Fadhil, who was shot and killed May 28, had been preparing a report on reclaiming government-owned real estate. According to the source who spoke earlier with the Times, the document concluded that members of the Chalabi family and their political party, the Iraqi National Congress, had illegally seized hundreds of pieces of property after the U.S.-led invasion last year.
The property, the source said, included government offices, mansions and agricultural land.

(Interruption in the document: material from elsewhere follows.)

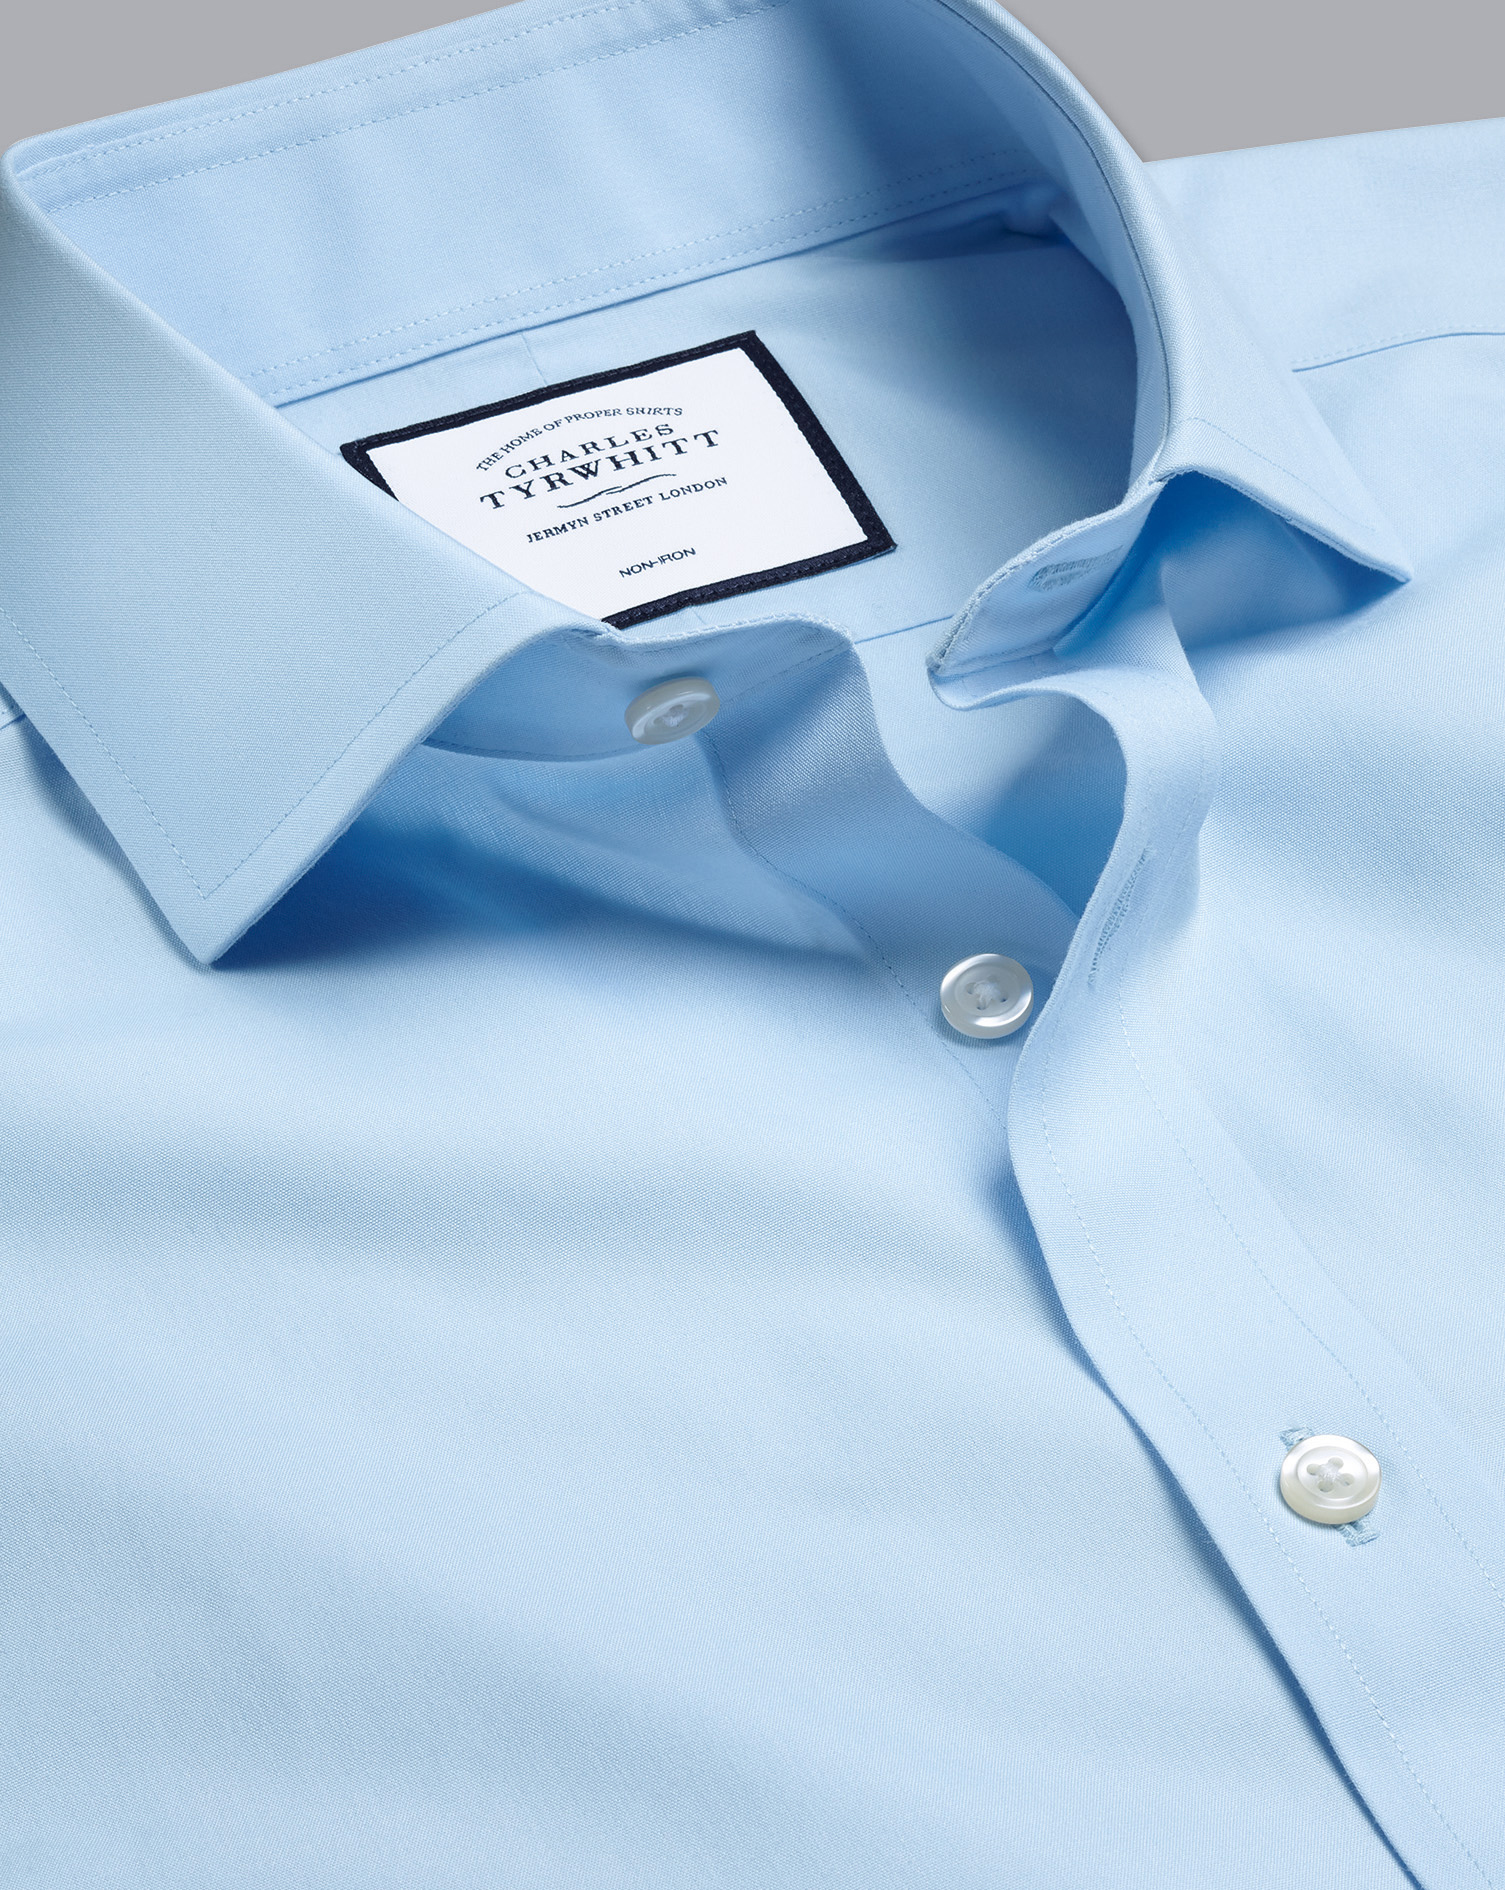 Cutaway Collar Non-Iron Poplin Cotton Dress Shirt - Sky Blue Single Cuff Size Large

“The warrant for me has to do with the fact that apparently I threatened somebody. I have no recollection of ever meeting that person,” Salem Chalabi told CNN. “But apparently I threatened somebody who subsequently was killed. Reports are indicating that the day that I supposedly visited his office, which I deny ever having visited because I don’t even know the person in question, there are minutes of meetings that I was attending that day somewhere else, at the Governing Council. So it just seems to me a strange kind of occurrence that they would make something like this.”
Salem Chalabi, 41, denied involvement in the slaying and said the allegations were aimed at removing him as executive director of the Iraqi Special Tribunal, which will try top officials of Saddam’s government for crimes against humanity.
“It enrages me that someone makes these allegations,” Salem Chalabi said when the investigation was first revealed.
In the months since the Bush administration turned against onetime American favorite Ahmad Chalabi, he has tried to transform himself into an Iraqi populist.